# noisy_float-rs

This is a Rust library containing floating point types that panic if they are set to an illegal value, such as NaN.

### Crate

The Rust crate for this library can be found here.

### Documentation

The documentation for this library can be found here.

### Description

The name "Noisy Float" comes from the terms "quiet NaN" and "signaling NaN"; "signaling" was too long to put in a struct/crate name, so "noisy" is used instead, being the opposite of "quiet."

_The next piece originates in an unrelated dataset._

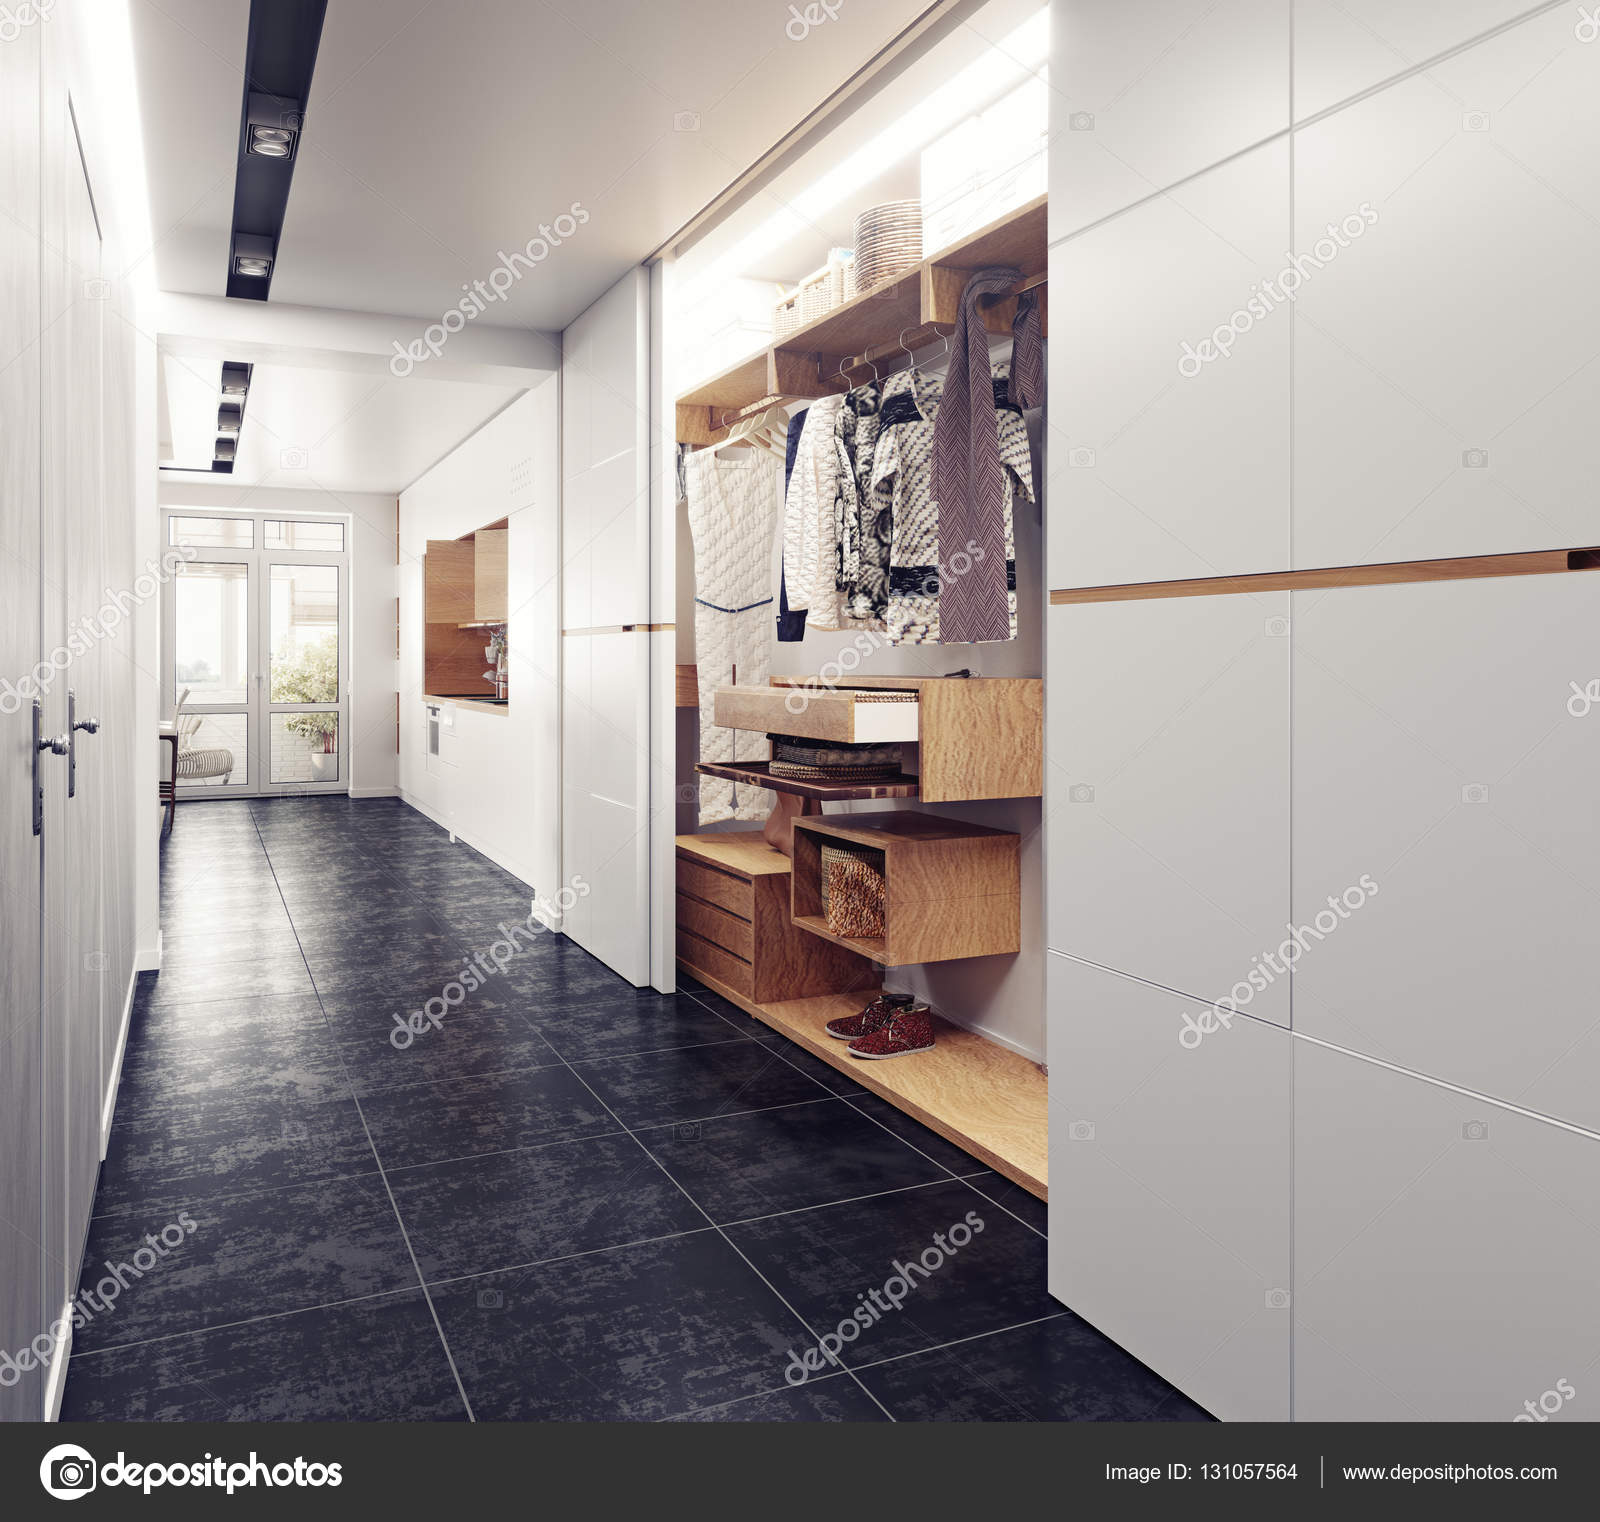 Flur moderne Interieur — Stockfoto © vicnt2815 #131057564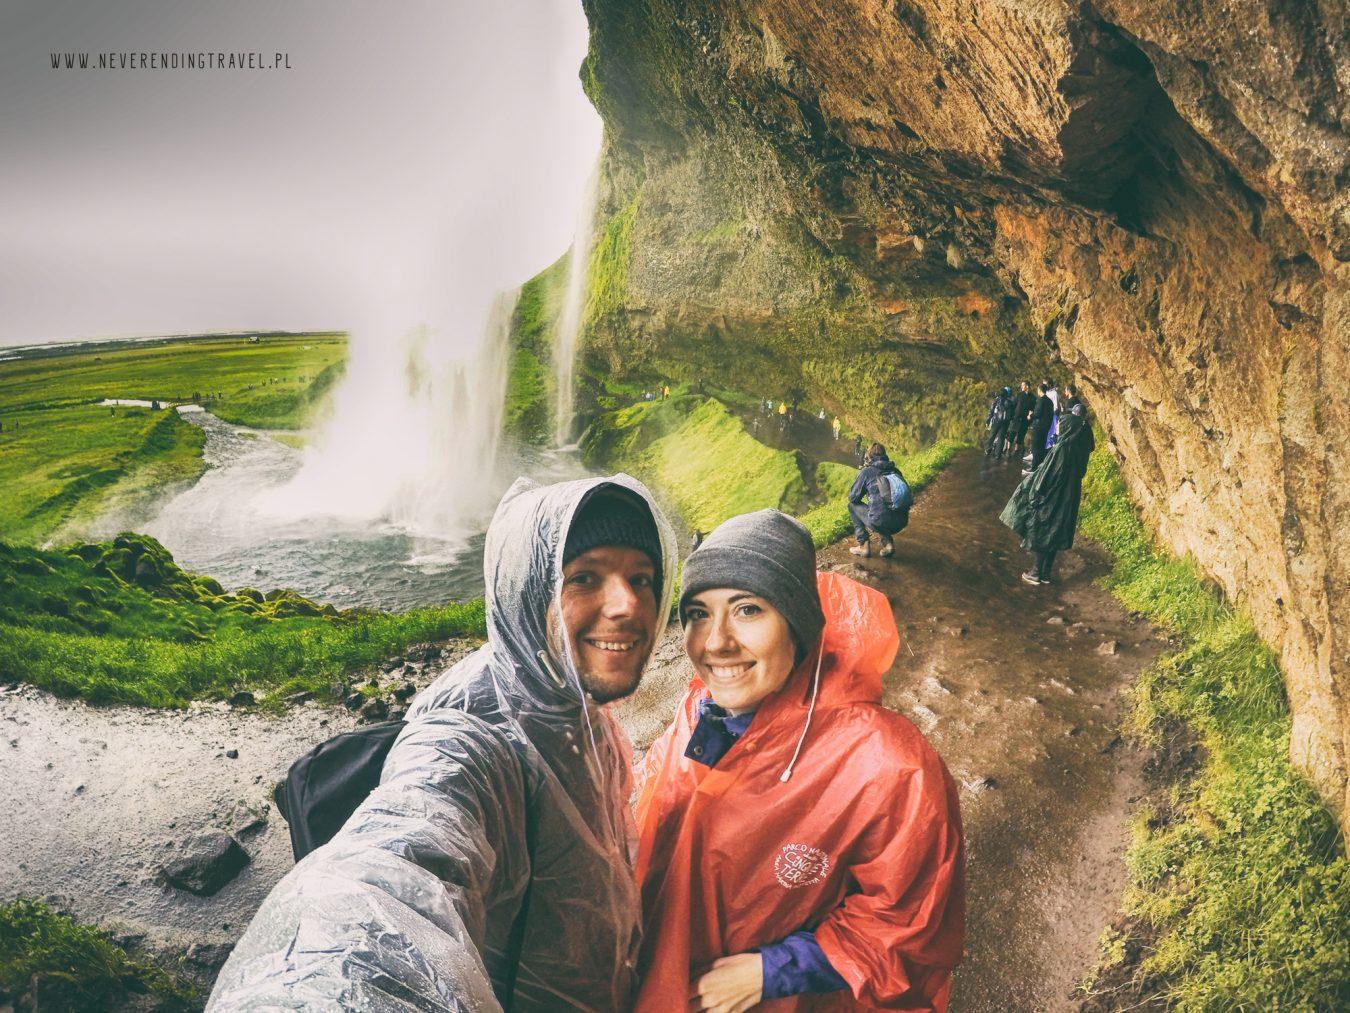 Seljalandsfoss islandzki wodospad neverendingtravel.pl my na tle wodospadu

The standard types defined in `noisy_float::types`

follow the principle
demonstrated by Rust's handling of integer overflow:
a bad arithmetic operation is considered an error,
but it is too costly to check everywhere in optimized builds.
For each floating point number that is created, a `debug_assert!`

invocation is used
to check if it is valid or not.
This way, there are guarantees when developing code that floating point
numbers have valid values,
but during a release run there is *no overhead* for using these floating
point types compared to using `f32`

or `f64`

directly.

This crate makes use of the num, bounded, signed and floating point traits in the
popular `num_traits`

crate.
This crate can be compiled with no_std.

### Examples

An example using the `R64`

type, which corresponds to *finite* `f64`

values.

```
use noisy_float::prelude::*;
fn geometric_mean(a: R64, b: R64) -> R64 {
(a * b).sqrt() //used just like regular floating-point numbers
}
println!("geometric_mean(10.0, 20.0) = {}", geometric_mean(r64(10.0), r64(20.0)));
//prints 14.142...
```

An example using the `N32`

type, which corresponds to *non-NaN* `f32`

values.
The float types in this crate are able to implement `Eq`

and `Ord`

properly,
since NaN is not allowed.

```
use noisy_float::prelude::*;
let values = vec![n32(3.0), n32(-1.5), n32(71.3), N32::infinity()];
assert!(values.iter().cloned().min() == Some(n32(-1.5)));
assert!(values.iter().cloned().max() == Some(N32::infinity()));
```

### License

Noisy_float is licensed under the Apache 2.0 License.